- Task to carry out -
Nothing but the lines below between the line holding "coche y moto." and the line holding "Vintage francés de", inclusive, should appear in the answer, each set down exactly.

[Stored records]
# # # # # # #

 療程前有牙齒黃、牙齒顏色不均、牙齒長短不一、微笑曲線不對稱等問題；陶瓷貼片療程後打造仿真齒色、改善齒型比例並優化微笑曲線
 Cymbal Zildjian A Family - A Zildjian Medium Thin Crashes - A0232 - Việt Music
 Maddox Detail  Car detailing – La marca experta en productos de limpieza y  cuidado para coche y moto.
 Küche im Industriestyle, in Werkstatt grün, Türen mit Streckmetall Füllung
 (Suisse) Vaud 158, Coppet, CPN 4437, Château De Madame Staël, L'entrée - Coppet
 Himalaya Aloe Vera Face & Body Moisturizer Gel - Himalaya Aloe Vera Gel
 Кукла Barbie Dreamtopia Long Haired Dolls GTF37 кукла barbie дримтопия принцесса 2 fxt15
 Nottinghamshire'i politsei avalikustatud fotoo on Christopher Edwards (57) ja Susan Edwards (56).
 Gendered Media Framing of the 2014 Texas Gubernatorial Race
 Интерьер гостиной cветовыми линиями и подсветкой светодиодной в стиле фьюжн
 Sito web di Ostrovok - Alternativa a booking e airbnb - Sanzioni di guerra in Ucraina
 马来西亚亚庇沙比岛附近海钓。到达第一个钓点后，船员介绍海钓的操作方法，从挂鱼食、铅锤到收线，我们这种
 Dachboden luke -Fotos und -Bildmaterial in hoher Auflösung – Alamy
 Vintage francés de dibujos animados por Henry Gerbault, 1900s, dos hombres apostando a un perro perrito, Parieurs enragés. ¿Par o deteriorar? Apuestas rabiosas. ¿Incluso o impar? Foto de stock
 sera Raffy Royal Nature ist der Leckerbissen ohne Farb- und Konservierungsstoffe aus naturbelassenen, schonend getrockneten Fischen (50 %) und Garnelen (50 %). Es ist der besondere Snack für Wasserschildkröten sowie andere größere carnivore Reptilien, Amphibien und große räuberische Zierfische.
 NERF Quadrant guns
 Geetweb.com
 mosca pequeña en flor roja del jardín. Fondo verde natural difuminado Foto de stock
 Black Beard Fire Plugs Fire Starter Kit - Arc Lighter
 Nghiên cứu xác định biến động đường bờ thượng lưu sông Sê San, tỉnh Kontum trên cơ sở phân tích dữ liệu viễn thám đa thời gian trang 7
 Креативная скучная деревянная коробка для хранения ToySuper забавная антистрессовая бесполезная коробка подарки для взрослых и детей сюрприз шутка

# # # # # # #

- Exercise response -
 Maddox Detail  Car detailing – La marca experta en productos de limpieza y  cuidado para coche y moto.
 Küche im Industriestyle, in Werkstatt grün, Türen mit Streckmetall Füllung
 (Suisse) Vaud 158, Coppet, CPN 4437, Château De Madame Staël, L'entrée - Coppet
 Himalaya Aloe Vera Face & Body Moisturizer Gel - Himalaya Aloe Vera Gel
 Кукла Barbie Dreamtopia Long Haired Dolls GTF37 кукла barbie дримтопия принцесса 2 fxt15
 Nottinghamshire'i politsei avalikustatud fotoo on Christopher Edwards (57) ja Susan Edwards (56).
 Gendered Media Framing of the 2014 Texas Gubernatorial Race
 Интерьер гостиной cветовыми линиями и подсветкой светодиодной в стиле фьюжн
 Sito web di Ostrovok - Alternativa a booking e airbnb - Sanzioni di guerra in Ucraina
 马来西亚亚庇沙比岛附近海钓。到达第一个钓点后，船员介绍海钓的操作方法，从挂鱼食、铅锤到收线，我们这种
 Dachboden luke -Fotos und -Bildmaterial in hoher Auflösung – Alamy
 Vintage francés de dibujos animados por Henry Gerbault, 1900s, dos hombres apostando a un perro perrito, Parieurs enragés. ¿Par o deteriorar? Apuestas rabiosas. ¿Incluso o impar? Foto de stock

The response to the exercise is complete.